Question about V-1610-3

[tomo pauk]

Perhaps someone could shed some light about this:
Packard Merlin V-1610-3* was providing, according to the 'American Hundred Thousand' book, 1600 HP WER at 15,600ft, yet the MIL rating was 1490 HP at only 13,750 ft. All for low blower. It was providing 1330 HP at 29kft WER, while MIL rating was 1210 at 25,800ft (all for high blower).
Now, from what I've learned here at other places, maximum WER was possible at altitudes lower than maximum MIL (for same RPM blower position). Is the book wrong, or Sir Hooker was a true magician?

*edited: title was 1610, not 1650

 

[fastmongrel]

tomo pauk a typo there it should be V 1650

 

[Shortround6]

Data could be from different sources. The Combat power levels seem to line up pretty well with the "level speed" critical power altitudes. That is they include the ram effect of the 400mph or forward speed of the airplane. Critical altitude while climbing is several thousand feet lower. See: P-51B Performance Test

The level speed and climb charts.

The engine manufactures power charts rarely include ram because it changes from plane to plane with the design of the intake scoop and duct leading to the engine intake.

 

[tomo pauk]

In other words, the power graph for 1650-3, found at the book, actually includes ram effect, despite 'NO RAM' caption? Ditto for figures for COMBAT rating - all other figures are for no ram?

Fastmongrel, you're right

 

[Shortround6]

It could be.
Rolls-Royce heritage book says the 1650-3 was good for 1600hp/3000rpm/11800ft using 18 1/4lbs of boost (67in?) in low gear and 1330hp/3000rpm/23300ft in high gear with the same boost. These altitudes are about 2000ft lower than the critical altitudes for climb given in the Mustang test let alone the level speed altitudes.

I haven't found anything on the military rating yet.

 

[tomo pauk]

Quite the difference, 3800 ft lower there than at "US 100 thousands" for low blower, and 5700 for high blower.

 

[GregP]

I'm not sure what is being discussed here.

MIL rating is at mil RPM and MIL manifold pressure and is the maximum safe power level. WER is at the manifold pressure they determine to be the "Oh my God, I need to escape" level, and there is a wire across the throttle gate. You break it to go to WER and, in some setups, that also includes ADI. Takeoff is the maximum torque the rudder and ailerons can handle at low speeds.

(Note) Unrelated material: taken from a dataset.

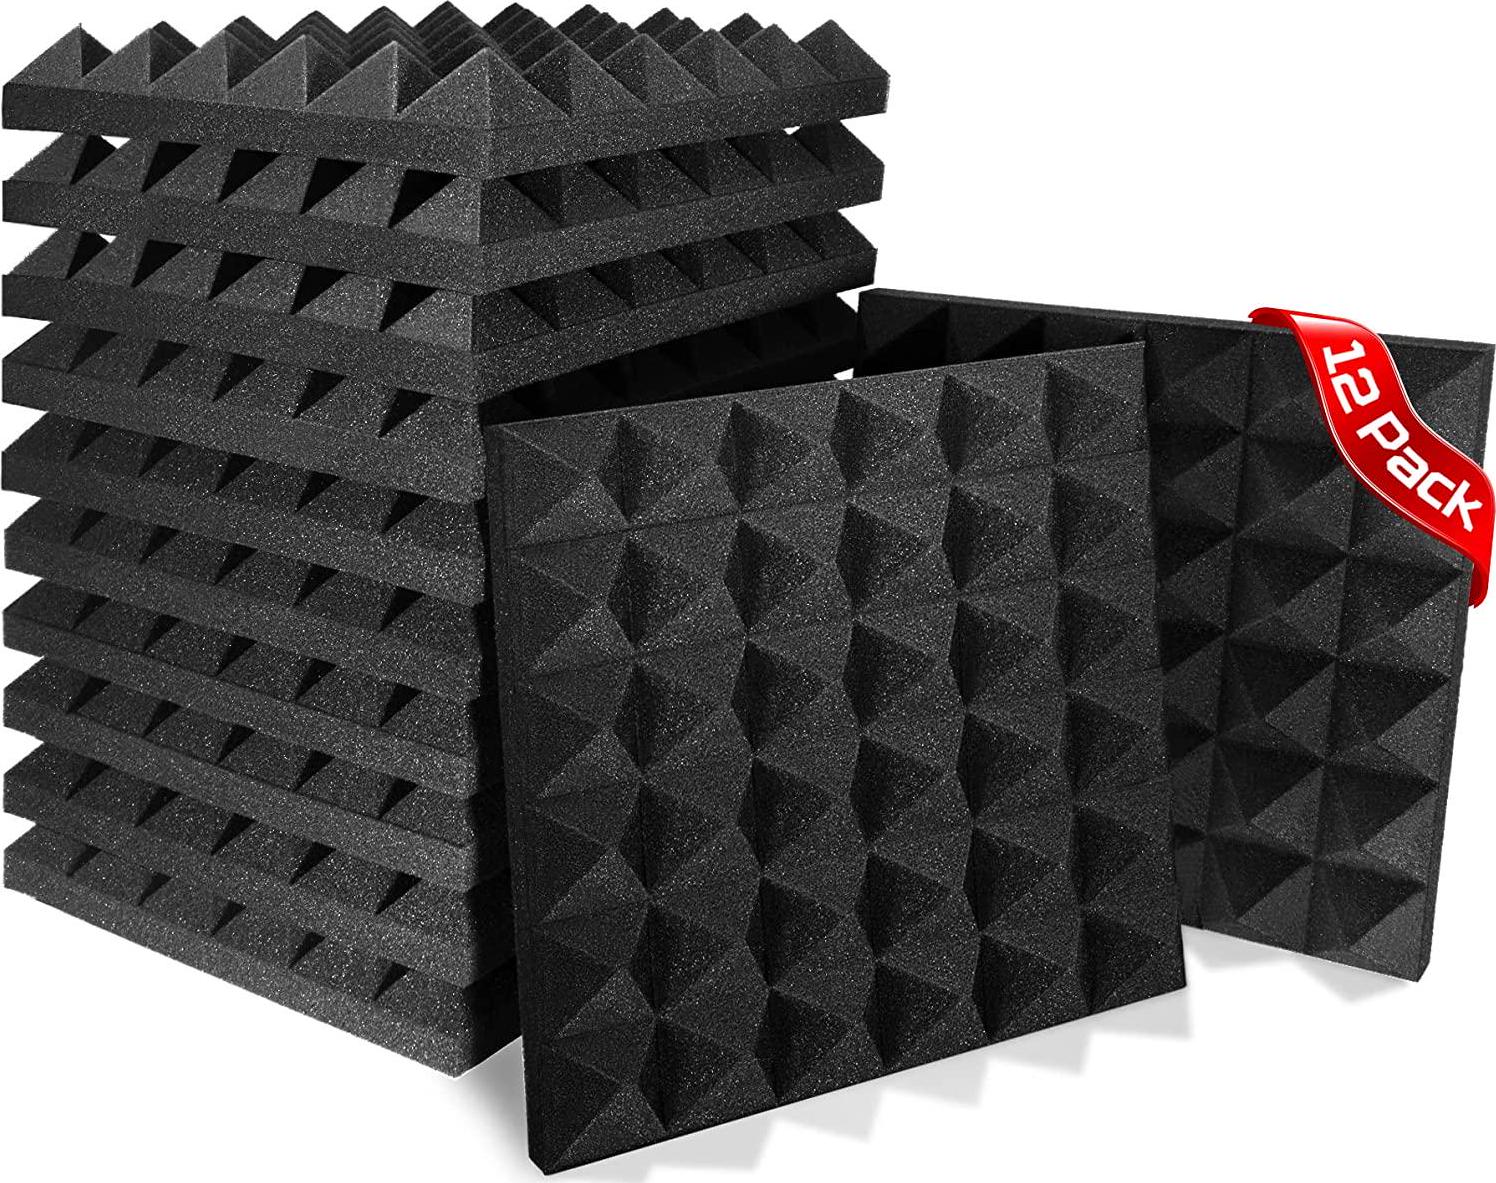 Little-Lucky, Little-Lucky Acoustic Foam Panels,SoundProof Padding Foam Panels,2 X 12 X 12 Studio Foam Pyramid Tiles Sound Absorbing Dampening Foam Treatment Wall Panels -12Pack (12Pack, Black)

Lo blower and hi blower are determined solely by altitude. Usually, the blower switches from lo to hi at 11,000 to 15,000 feet and switches back to low several thousand feet lower to prevent continuous switching around one altitude if you happen to be crusing there.

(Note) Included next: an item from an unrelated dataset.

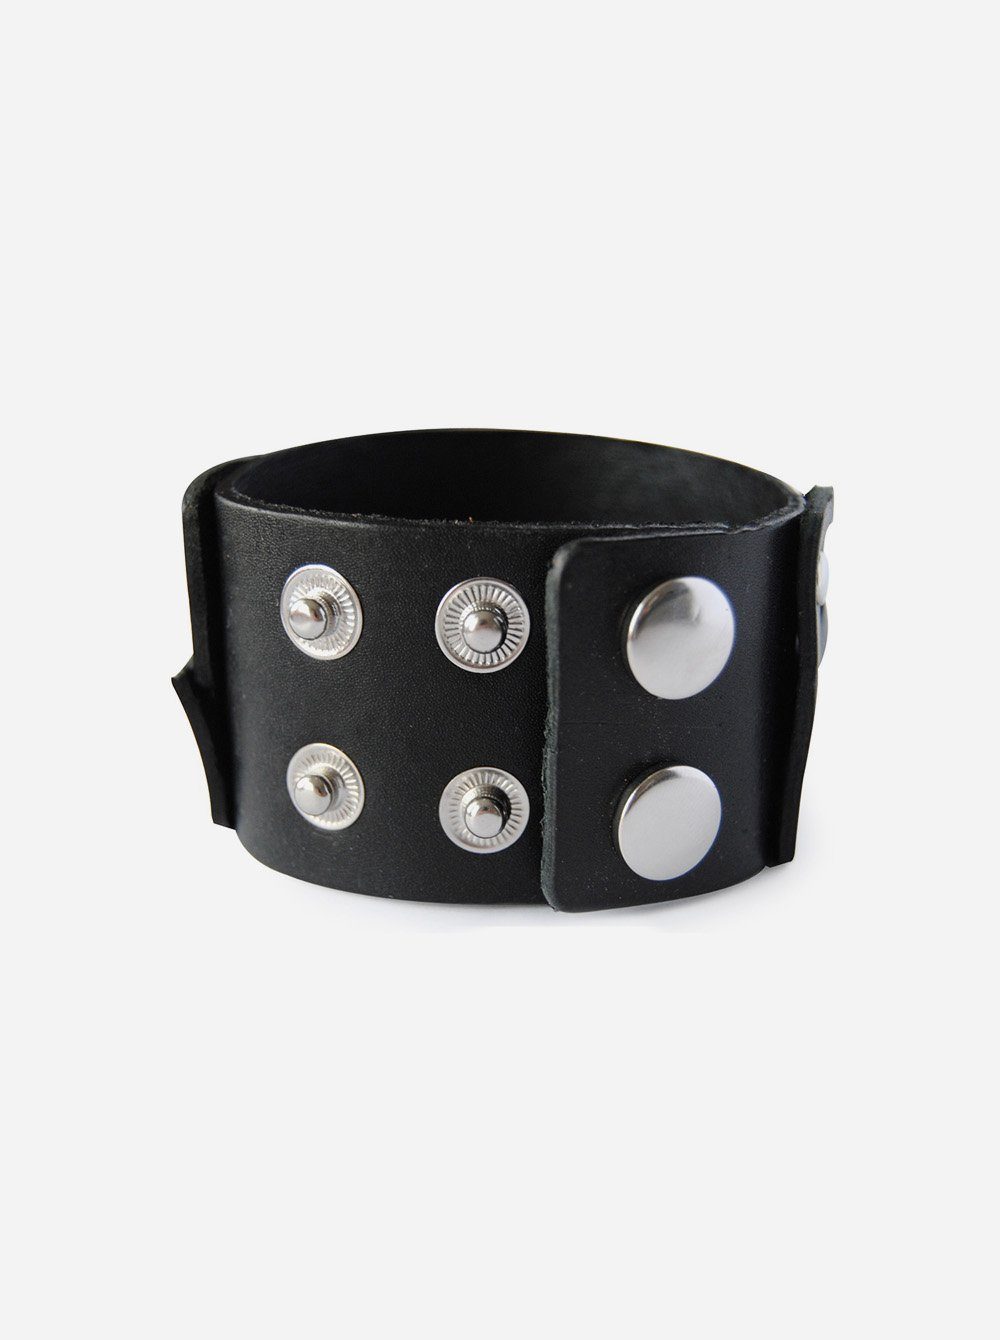 axy Lederarmband Herrenarmband Knopf-Verschluss Längen Leder Schwarz aus 3 in Echtleder, verschließbar Armband, mit Breite

Most single-stage engines from WWII have a critical altitude around 10,000 to 16,000 feet and, when they switch to hi blower, the boost is good for a significant power increase up to 25,000 - 25,000 feet, and then the manifold pressure drops off normally, making service ceiling for 2-stage enines anywhere from 25,000 to 42,000 feet or so, depending on how much horseepower they need to fly level at altitude.

So, WER is usually about 3 - 8 more inches of boost, and that's all it is ... more boost for more power. The blower speed depends solely on altitude, and is usually set on automatic.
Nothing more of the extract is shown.